Any suggestions or ideas are welcomed to join the discussion.



## PIP-70:  Introduce lightweight raw Message metadata

### 1. Motivation

For messages in Pulsar, If we want to add new property, we always change
the `MessageMetadata` in protocol(PulsarApi.proto), this kind of property
could be understood by both the broker side and client side by
deserializing the `MessageMetadata` . But in some different cases,, the
property needs to be added from the broker side, Or need to be understood
by the broker side in a low cost way. When the broker side gets the message
produced from the client,  we could add the property at a new area, which
does not combine with `MessageMetadata`, and no need deserializing original
`MessageMetadata` when gets it out ; and when the broker sends the message
to client, we could choose to filter out this part of property(or not as
the client needs). We call this kind of property “raw Message metadata”. By
this way, the “raw Message metadata” consumption is independent, and not
related with the original `MessageMetadata`.

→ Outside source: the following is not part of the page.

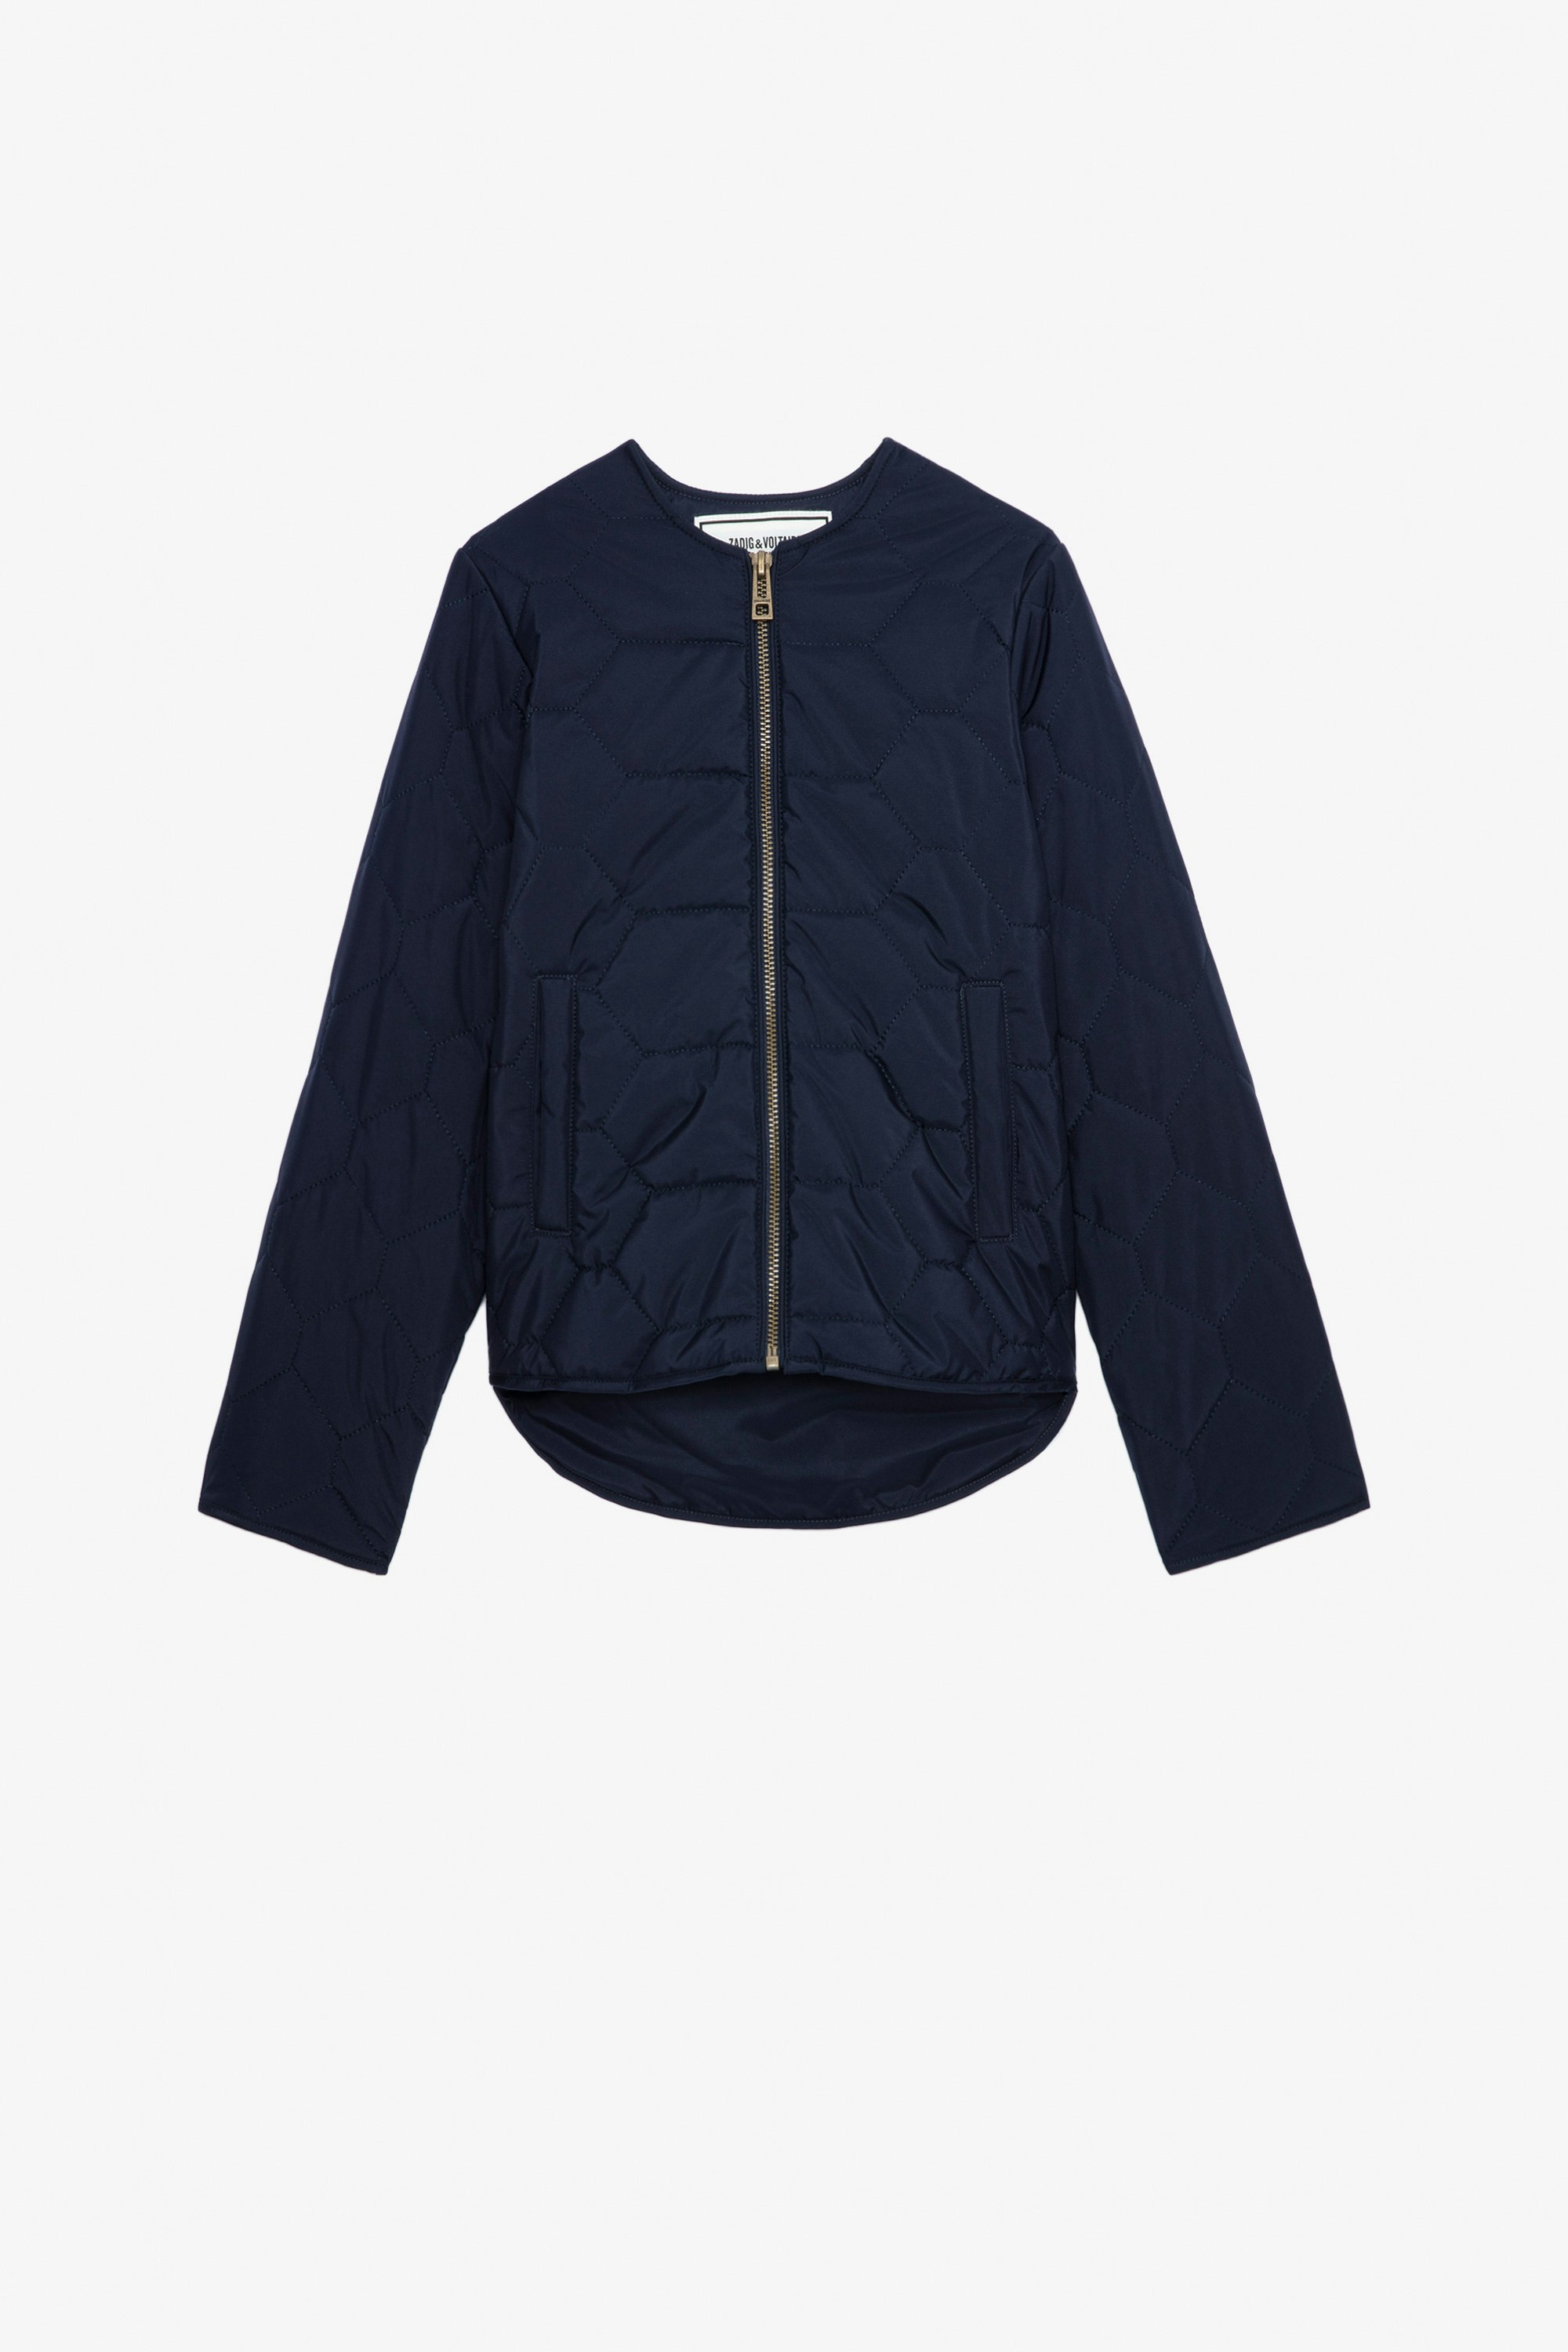 Girls’ Clide Jacket Girls’ navy blue quilted recycled polyester jacket with “Bonheur” embroidery and wings.

The benefit for this kind of “raw Message metadata” is that the broker does
not need to  serialize/deserialize for the protobuf-ed `MessageMetadata`,
this will provide a better performance. And also could provide a lot of
features that are not supported yet.

Here are some of the use cases for raw Message metadata:
1) Provide ordered messages by time(broker side) sequence to make message
seek by time more accurate.
Currently, each message has a `publish_time`, it uses client side time, but
for different producers in different clients, the time may not align
between clients, and cause the message order and the message time
(`publish_time`) order may be different.  But each topic-partition only has
one owner broker, if we append broker side time in the “raw Message
metadata”, we could make sure the message order is aligned with broker side
time. With this feature, we could handle the message seek by time more
accurately.

2) Provide continuous message sequence-Id for messages in one
topic-partition.
MessageId is a combination of ledgerId+entryId+batchIndex; for a partition
that contains more than one ledger, the Ids inside is not continuous. By
this solution, we could append a sequence-Id at the end of each Message.
This will make the message sequence management earlier.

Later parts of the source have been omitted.